Friday, March 18, 2011

Hepatitis C ; Hormones: A Potential Explanation for Differences in Response Rates to Therapy

Hormones: A Potential Explanation for Differences in Response Rates to Therapy for Chronic Hepatitis C Infection

Kimberly A. Forde
Affiliations
Reprint requests Address requests fore reprints to: Kimberly A. Forde, MD, MHS, Division of Gastroenterology and Hepatology, Center for Clinical Epidemiology and Biostatistics, University of Pennsylvania, 3400 Spruce Street, 3 Ravdin, Philadelphia, Pennsylvania 19104,
K. Rajender Reddy
published online 25 January 2011.

Article Outline
References
Copyright


See “Early menopause is associated with lack of response to antiviral therapy in women with chronic hepatitis C,” by Villa E, Karampatou A, Cammà C, et al, on page 818.
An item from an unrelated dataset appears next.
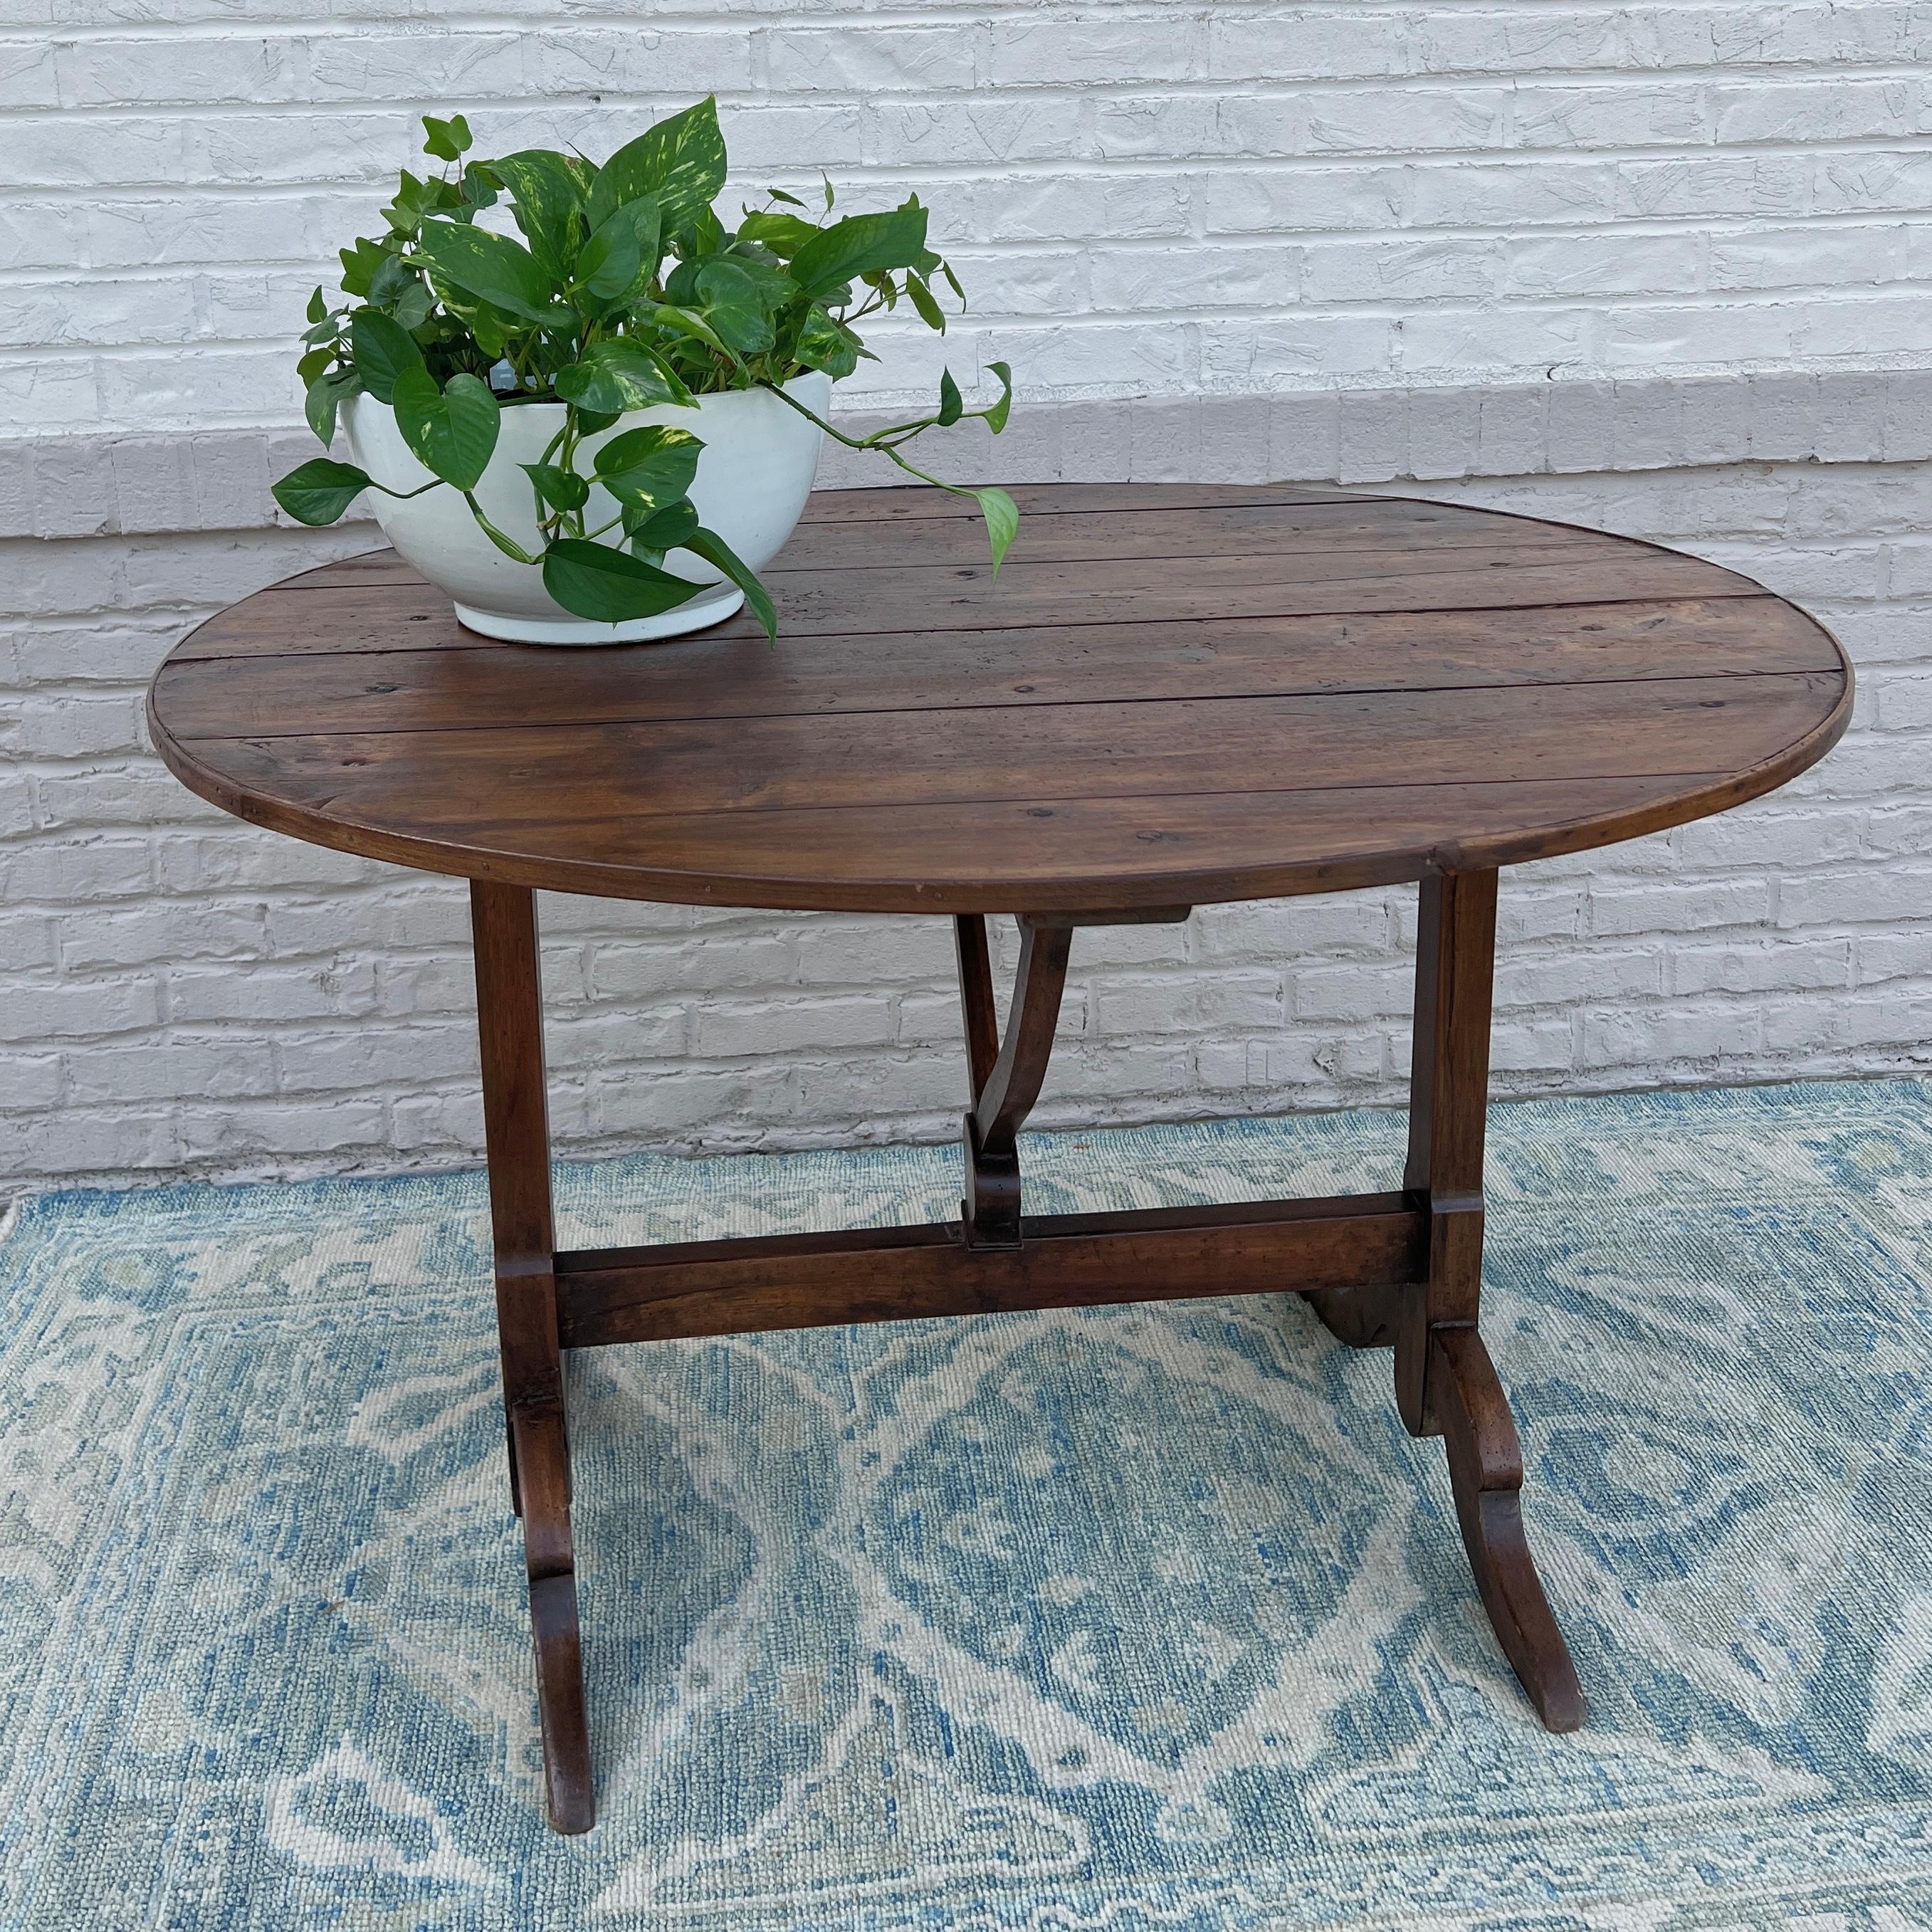 circa 19th century France. 

Beautiful oak wine tasting table that was once used in the vineyards of France for tasting wine or enjoying a meal. Featuring a tilt top with a banded edge and a truly gorgeous patina that has been restored with a

Chronic hepatitis C (CHC) infection remains an important cause of morbidity and mortality worldwide. Although the incidence of infection has declined, corresponding to recognition of the major modes of hepatitis C virus (HCV) transmission and the establishment of preventative programs,1 the prior rate of acute infection informs and ultimately shapes the burden of disease observed currently.2 Because HCV exposure results in chronic infection in up to 85% of those individuals infected acutely3, 4 and the long-term sequelae of CHC5 take 20–30 years to manifest, the morbidity and mortality of CHC is projected to peak in the current decade.4, 6 Therefore, although prevention of new infections is of utmost importance, treatment of individuals with chronic infection, where readily available, will impact greatly and attenuate the development of the untoward consequences of CHC.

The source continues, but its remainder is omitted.